第二天出差在武功县,下午从店里出来正往汽车站走,兜里电话铃响,我见是于梓晴打来,接起喂了一声。电话那头说老公,爸妈去那看了一下,回来说觉得还不错,让咱晚上一起去试菜,你几点能回来?
18点多回到家,我放下双肩包手都没洗,说走吧。老妈换上衣服到楼上叫姥姥,我们五人走到郭家村坐公交,三站路的距离,大家一起往饭店走去。
再见餐厅经理,他依然礼貌的露出微笑,对我点点头,看着老妈说阿姨你们来了,先休息一下还是直接上菜?我们坐到餐椅上,老妈说上菜吧。
十凉十热,饭店按照搭配好的酒席依次上桌,继父说:“有几个菜改了一下,这是准备在结婚当天上的菜,还会有一窝米饭和果盘,咱们吃吃看。”
一直吃到实在吃不下,我最后放下筷子,餐厅经理走来问味道如何?姥姥说可以,这像吃席的味道,大家哈哈一笑,一致表示可以,老妈说:“把没吃的打包,老四,你去跟人家小邓交钱。”
从饭店出来,我们五人散步往家走,姥姥拉着于梓晴的手,一路说个不停,我抽着烟提着打包带,总算尘埃落定。
冬天已露尖尖角,枝头不见鸟啼声。
12月初,天空雾蒙蒙的,一早醒来,在小院里抬头连三楼都看不见。昨日于梓晴接到大城小爱的电话,让今天去取婚纱照。

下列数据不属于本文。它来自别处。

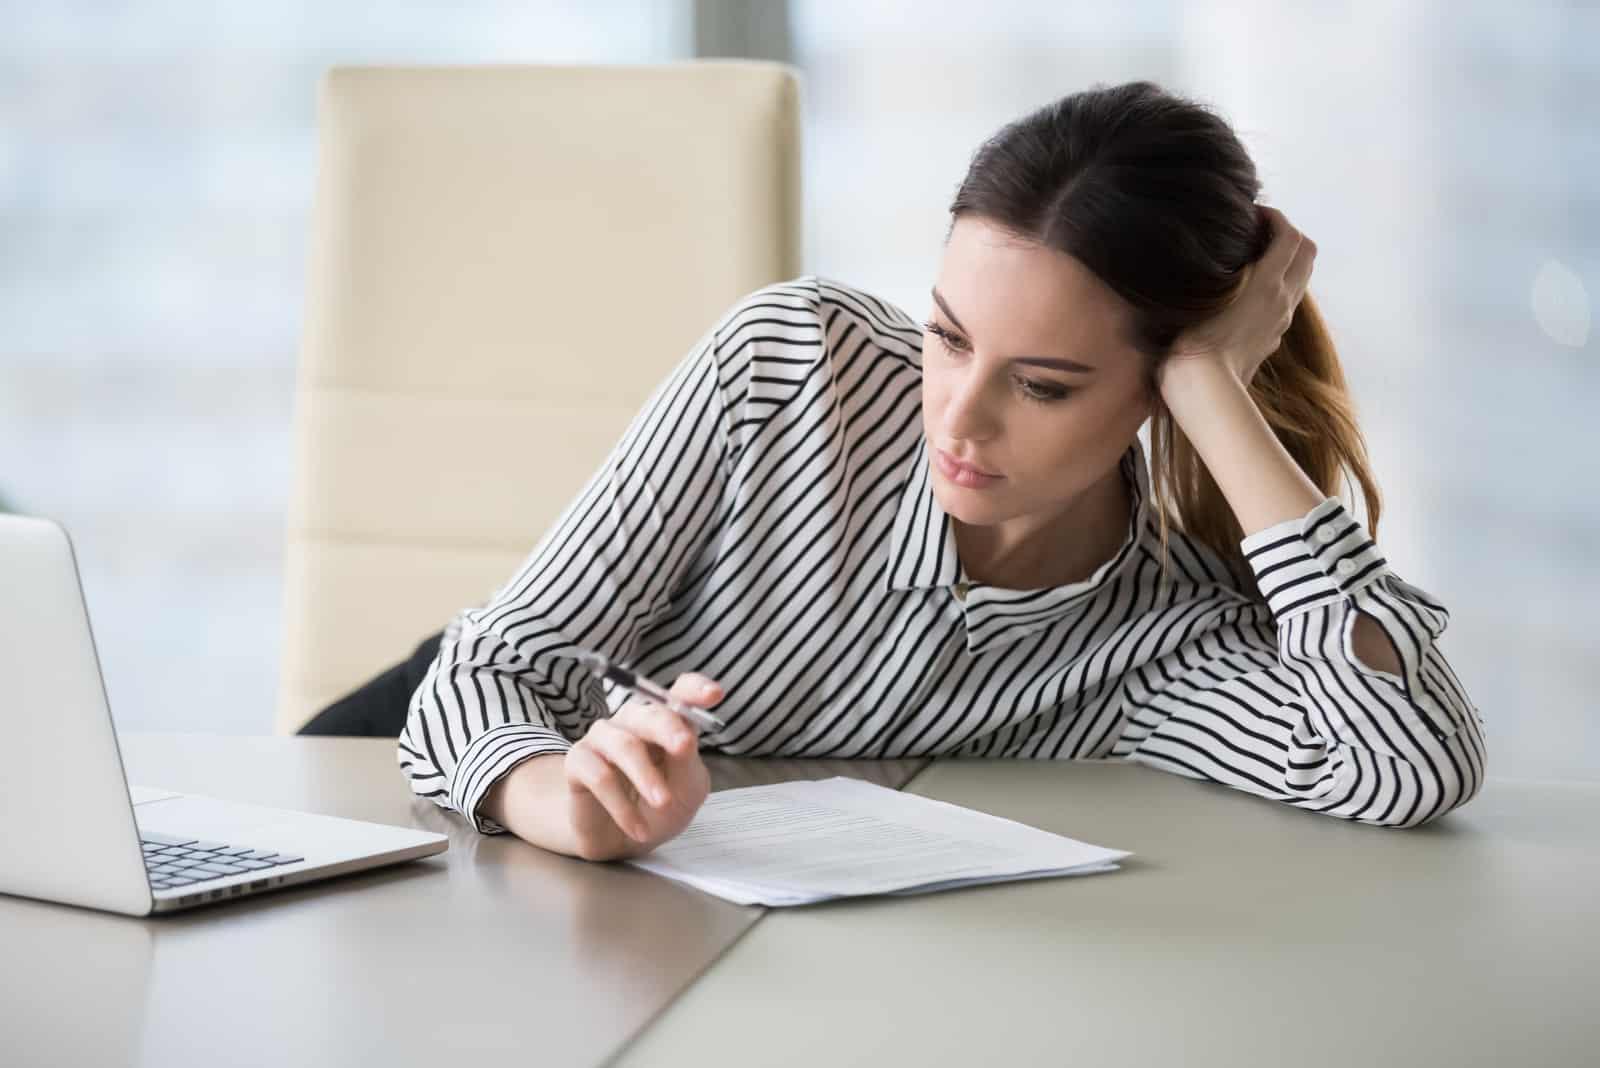 Gelangweilte Sekretärin, die sich nicht motiviert fühlt

9点多我们从家属院出来,天上的雾气消散许多,我们走到郭家村坐公交到未央路,进到大城小爱,工作人员指引我们到取片室,我瞪着眼睛看着床头照发呆。
这不是我,这两片嘴唇像抹了油一样,跟猪似得。
木已成舟的局面,我也不好说什么,看床头照身边挽着胳膊的于梓晴,笑容那么灿烂,我收神回来,有一个人照的好看就行。
工作人员说:“结婚当天让新娘来化妆,到时拿你们选的婚纱和敬酒服。”这是之前协议里谈好的,我说出结婚日期,工作人员记录好,我们道谢离开。
拿着一堆婚纱照,在路口打上车,我说梓晴,你看床头照把我拍的跟猪唇似得,你比我拍的好看多了。她说哪有,我觉得你照的挺好看,反倒觉得我自己拍的不好看,照的那么低。
有情人知饮水饱,看来这就是眼中西施的感觉。回到家于梓晴找来钉子,我们将婚纱照安到床头上,把三百六十度水晶摆台放在梳妆镜上,我拍了拍手,不错,这才像结婚的样子。
中午吃饭,我说一会儿跟于梓晴去租车行了解下,看租个车队多少钱。老妈说你爸下午回来,我给他说下,你们先去了解吧。
下午出来,我们坐车到东门,倒了趟公交坐到兴庆公园北门,进到柿园路一家租车行,我开门见山说道:“请问,结婚车队怎么收费的?”
店里老板拿出资料本,与我娓娓道来,我面部不悲不喜的听着,心里却犯嘀咕,怎么跟摆酒席一样,三六九等划分这么严重。我点燃一根烟,说如果不租车队,单租一辆头车怎么算?老板问租哪种车型?我指了下资料上的加长林肯,这个。
从店里出来,于梓晴说既然到柿园路,想去姐姐家看一下。我说好呀,你觉得头车用加长林肯如何?她抿嘴一笑,“不想浪费你就租,1600元租半天,还不如把钱给我,让我买几件漂亮衣服穿呢。”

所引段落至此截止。